Après plusieurs années d'atermoiements, le Ghana franchit enfin une étape stratégique dans sa quête d'indépendance énergétique. En effet, la raffinerie publique de pétrole de Tema (Tema Oil Refinery – TOR), unique unité de raffinage du pays, a officiellement repris le traitement du pétrole brut, mettant fin à une longue période d'inactivité qui avait rendu le pays quasi totalement dépendant des importations de carburants.

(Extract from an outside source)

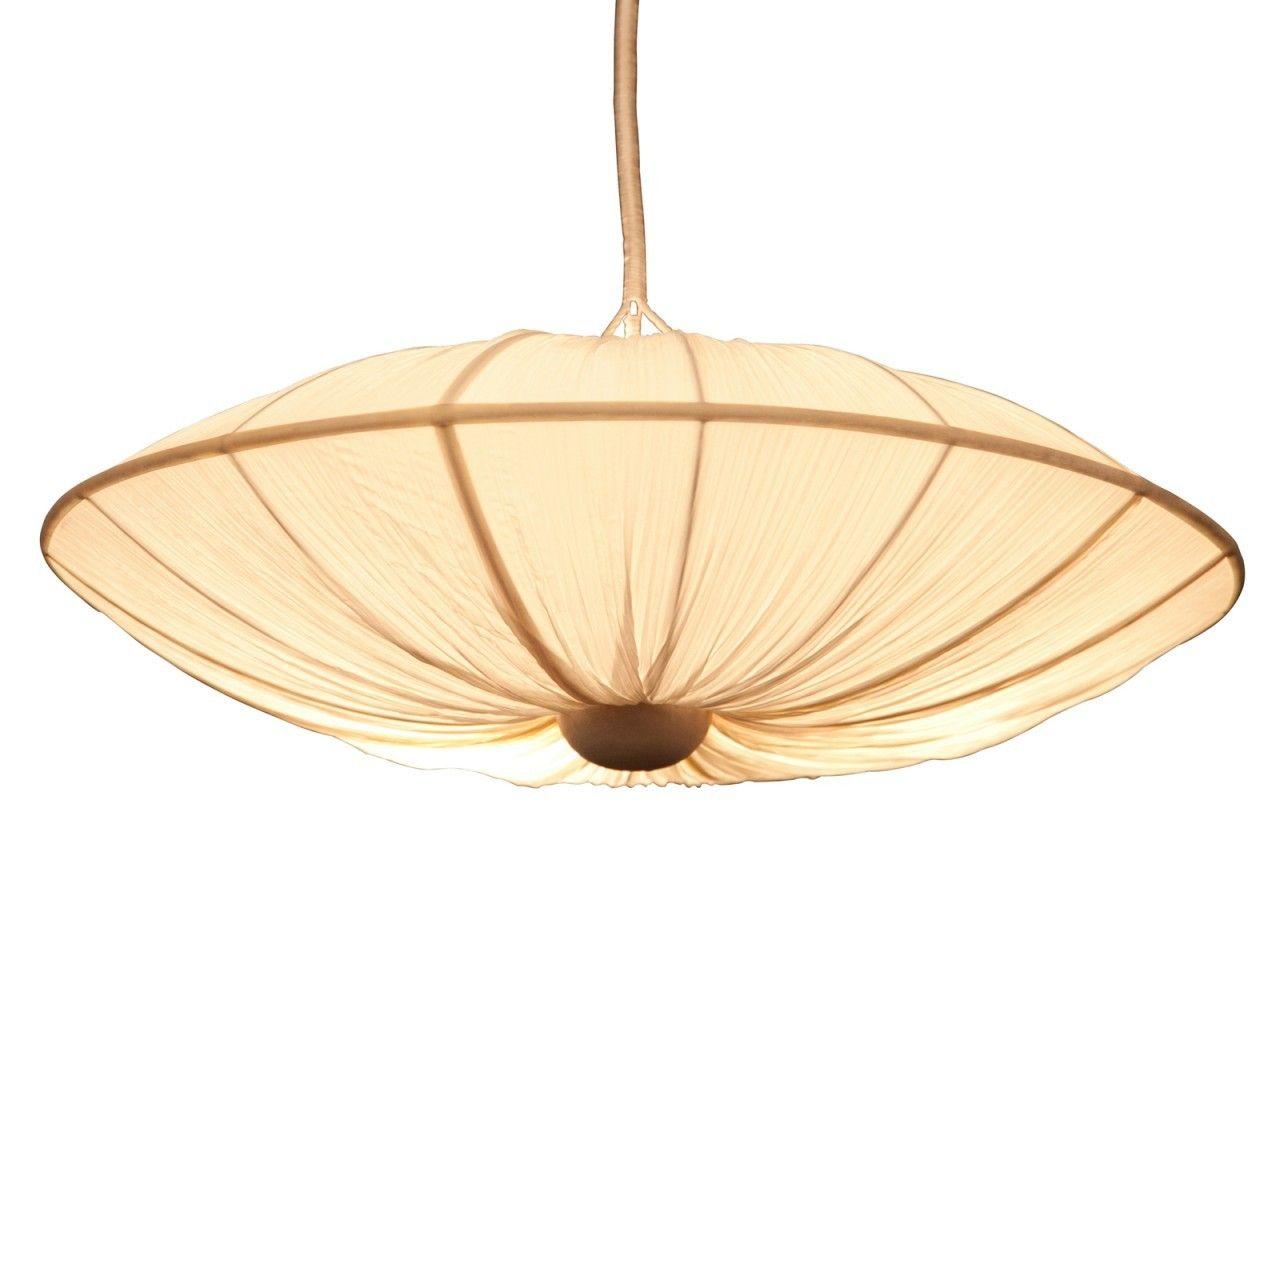 Arche ceiling lamp gong online shop lights for shepherd

Créée dans les années 1960 et passée sous le contrôle de l'État en 1977, TOR était à l'arrêt depuis 2021 et plus largement en sommeil quasi permanent depuis près de six ans, en raison de graves difficultés financières, d'infrastructures vieillissantes et d'une gouvernance fragilisée. Son redémarrage marque donc un tournant majeur pour une économie où les produits pétroliers ont représenté plus d'un quart des importations l'an dernier, pesant lourdement sur les réserves de change et sur les prix à la consommation.
A ce stade, l'unité de distillation de la raffinerie est de nouveau opérationnelle. Sa capacité actuelle est estimée à environ 28 000 barils par jour, avec l'ambition d'atteindre rapidement les 45 000 barils quotidiens correspondant à sa capacité nominale maximale avant sa fermeture en 2021. Si TOR parvenait à fonctionner de manière optimale, elle pourrait couvrir jusqu'à 60% de la demande intérieure en carburant, un niveau déjà atteint par le passé. Selon les estimations officielles, cela permettrait au Ghana d'économiser potentiellement près de 400 millions de dollars (223 milliards FCFA) par mois sur ses importations de carburant, alors que la facture annuelle d'importations pétrolières du pays avoisine les 10,2 milliards de dollars.

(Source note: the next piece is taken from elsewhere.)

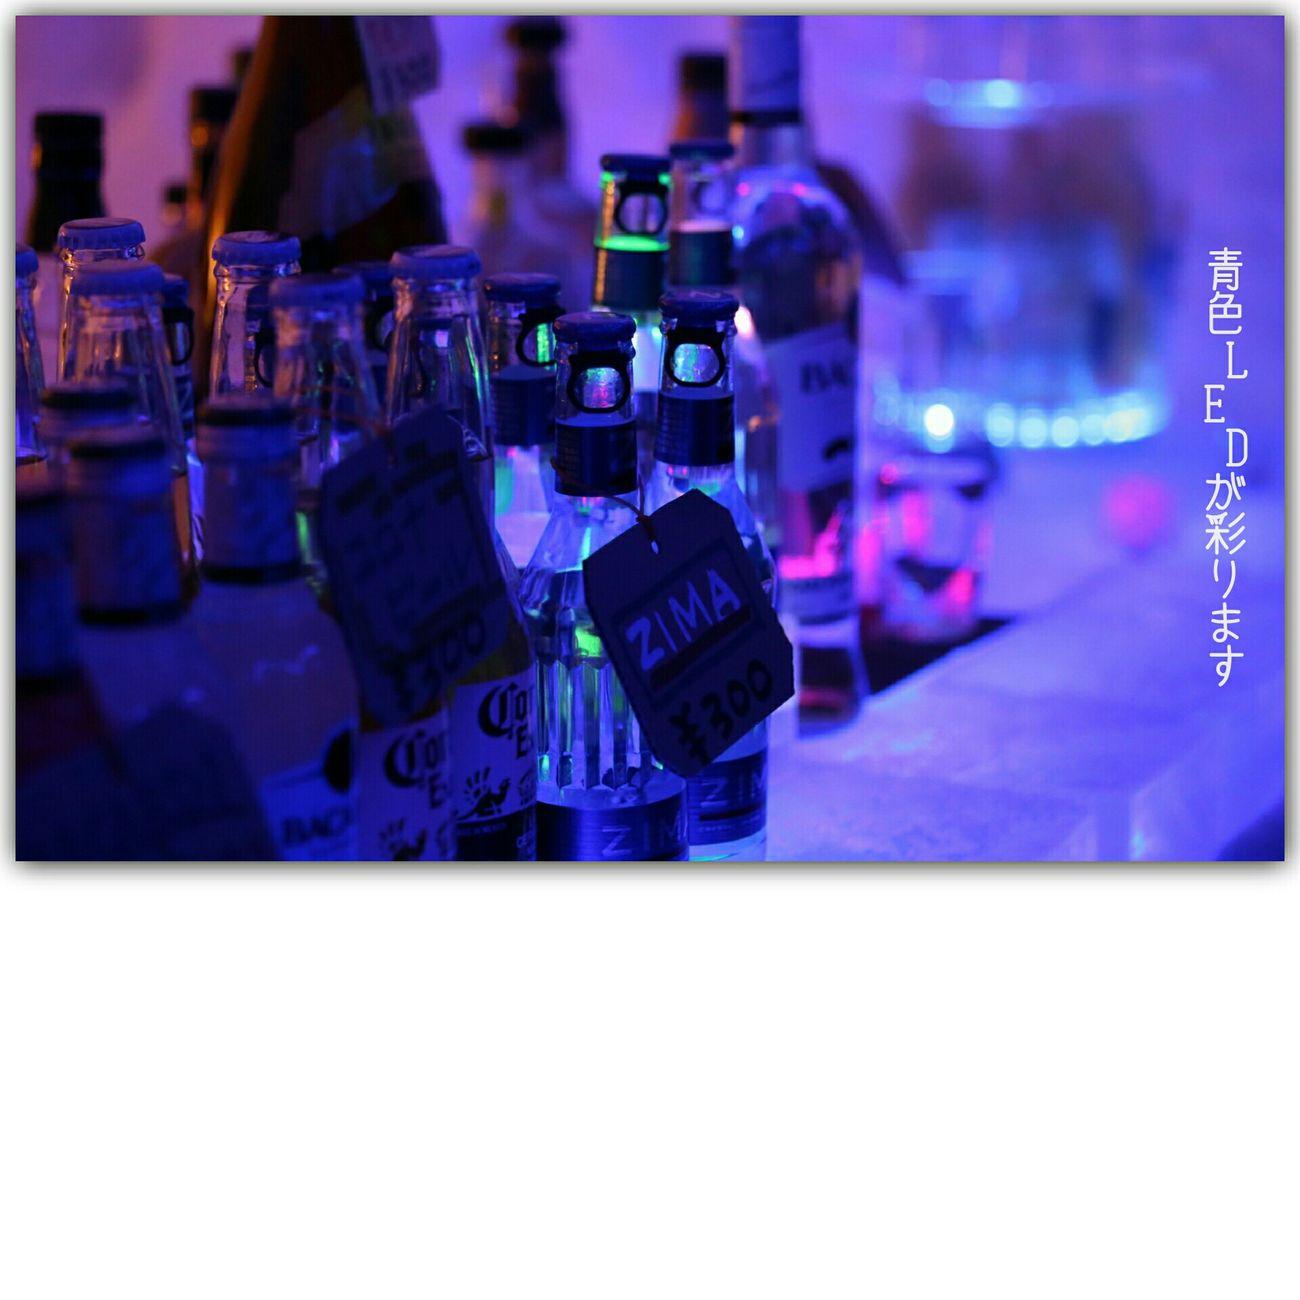 Ice Bar Snowfestival Bottles Alcohol Bottles Blue Led Lamp Light And Shadow Lighting 月山志津温泉雪旅籠の灯り

Pour les autorités, l'enjeu est double : réduire la dépendance extérieure tout en atténuant l'exposition de l'économie ghanéenne à la volatilité des cours mondiaux du pétrole, qui se répercute directement sur les finances publiques et le pouvoir d'achat des ménages. Mais ce redémarrage, aussi symbolique soit-il, ne dissipe pas toutes les inquiétudes. Les analystes rappellent que les précédentes tentatives de relance de TOR ont échoué, faute de discipline commerciale, de financements durables et d'une gestion adaptée aux réalités du marché pétrolier.
En 2019 déjà, la raffinerie affichait une dette supérieure à 300 millions de dollars, conséquence de pertes d'exploitation et de son incapacité à écouler suffisamment de produits raffinés pour rembourser ses emprunts bancaires. Un incendie survenu en 2017 avait par ailleurs aggravé l'état des installations, précipitant l'arrêt prolongé des activités.

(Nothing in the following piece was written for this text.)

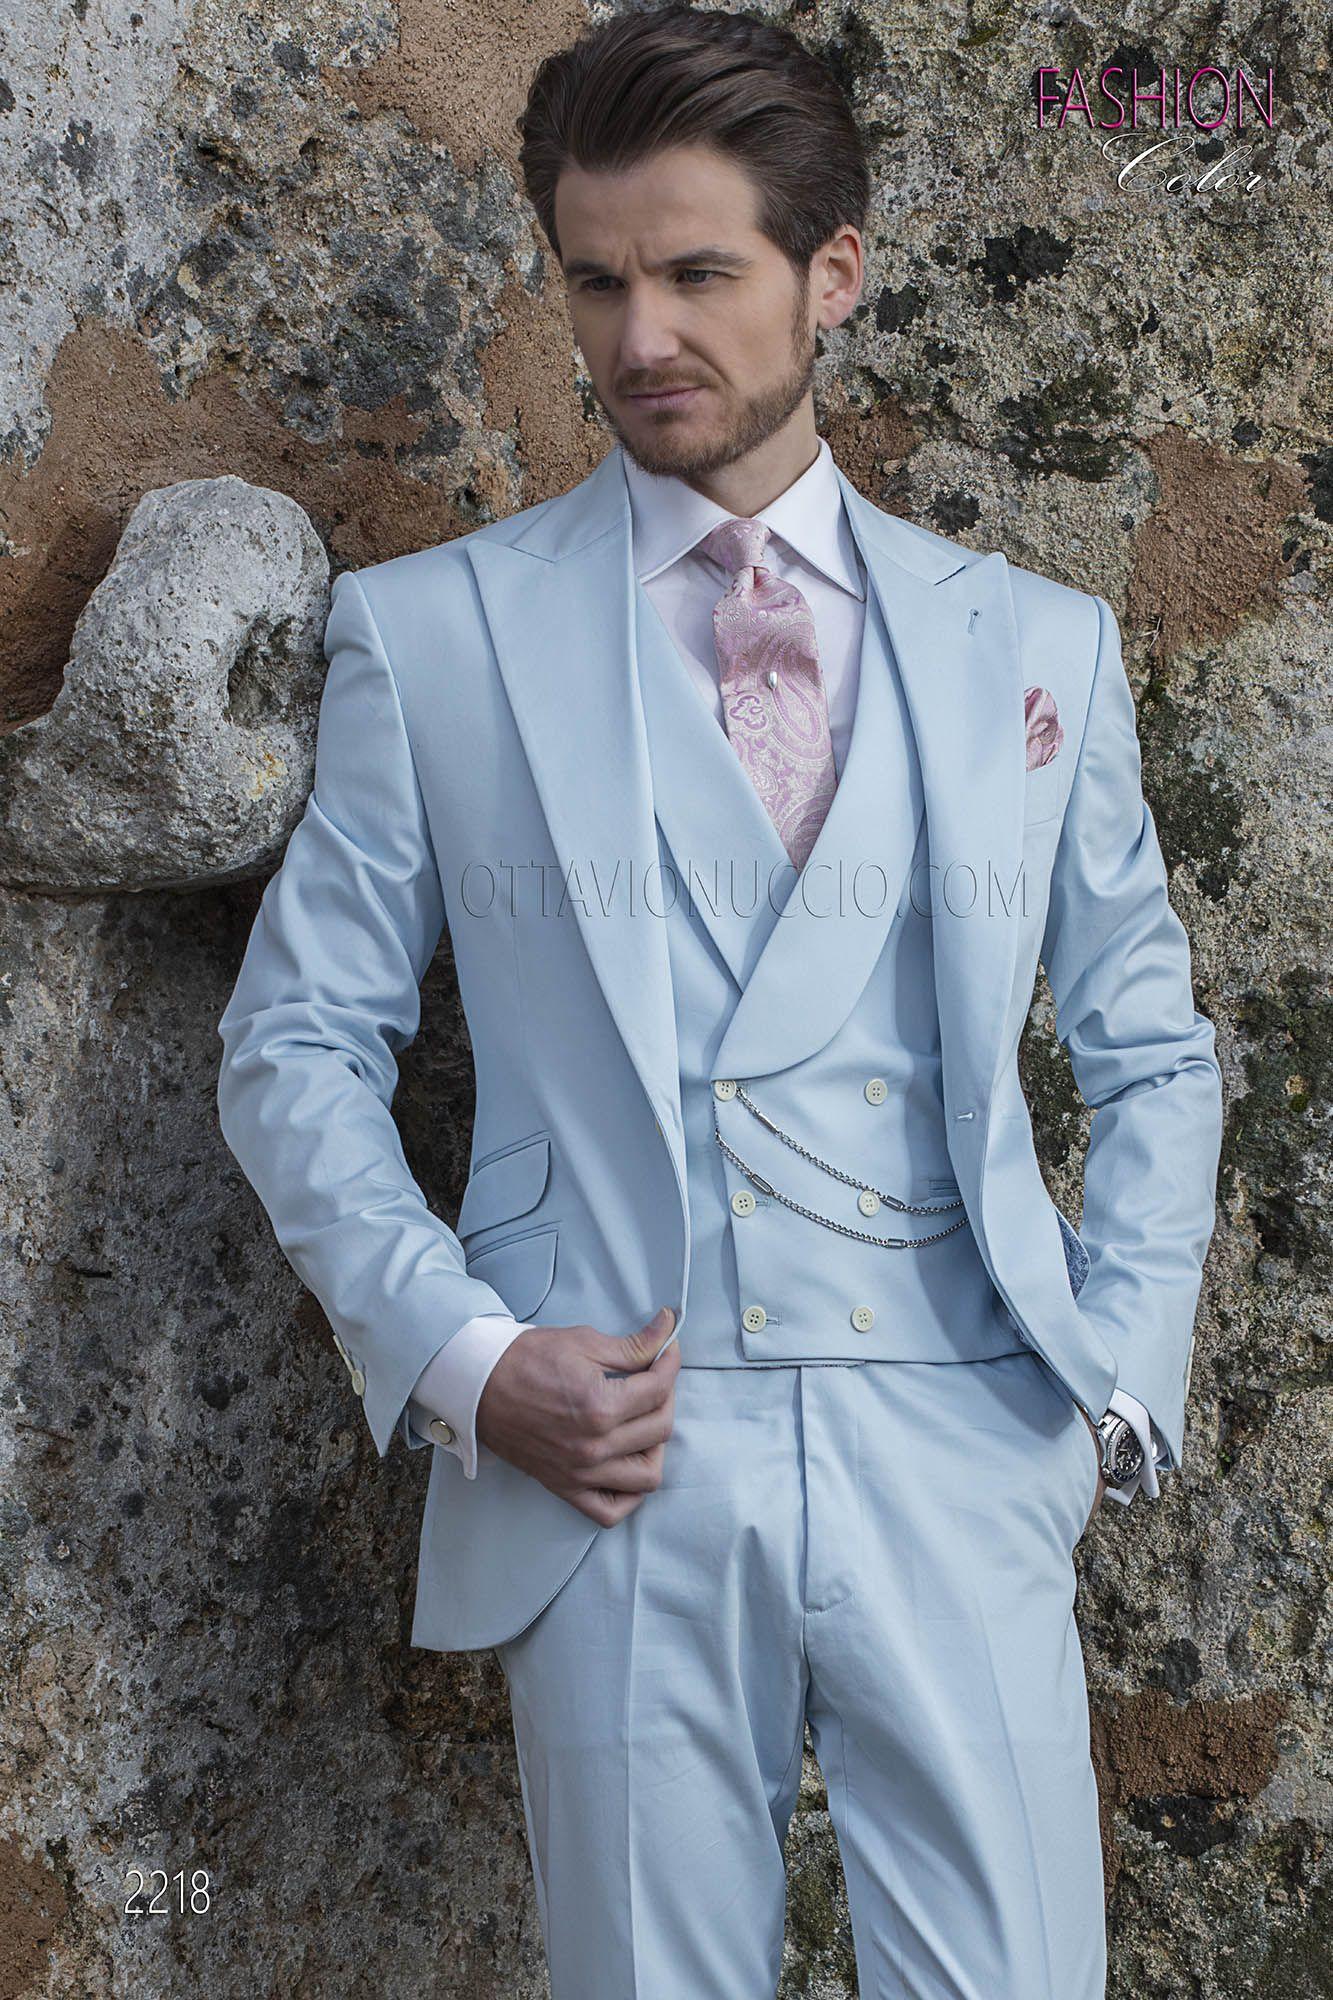 Hipster Matrimonio Uomo : Abito matrimonio uomo vintage moda sposo fashion puro cotone

Une dynamique continentale en toile de fond
La relance de TOR s'inscrit dans un mouvement plus large observé à l'échelle africaine. Partout sur le continent, les gouvernements cherchent à développer ou à réhabiliter leurs capacités de raffinage afin de mettre fin à des décennies de dépendance aux produits pétroliers importés. La méga-raffinerie Dangote au Nigeria, la modernisation des installations en Angola, ou encore les nouveaux projets en Ouganda et au Sénégal illustrent ce regain d'intérêt pour l'aval pétrolier, perçu comme un levier de souveraineté énergétique, de création d'emplois industriels et de préservation des réserves de change.
Dans ce contexte, la décision du Ghana apparaît cohérente et stratégique. Toutefois, les experts soulignent que le véritable défi commence maintenant : assurer un approvisionnement régulier en pétrole brut, sécuriser les fonds de roulement, et engager des investissements techniques de long terme pour garantir la fiabilité des installations. Même si le redémarrage actuel devait rester partiel ou progressif, il constitue déjà un signal politique et économique fort. Pour Accra, maintenir en activité sa seule raffinerie, même en deçà de sa capacité maximale, pourrait réduire son exposition aux chocs pétroliers mondiaux et restaurer une part de contrôle sur sa chaîne d'approvisionnement énergétique.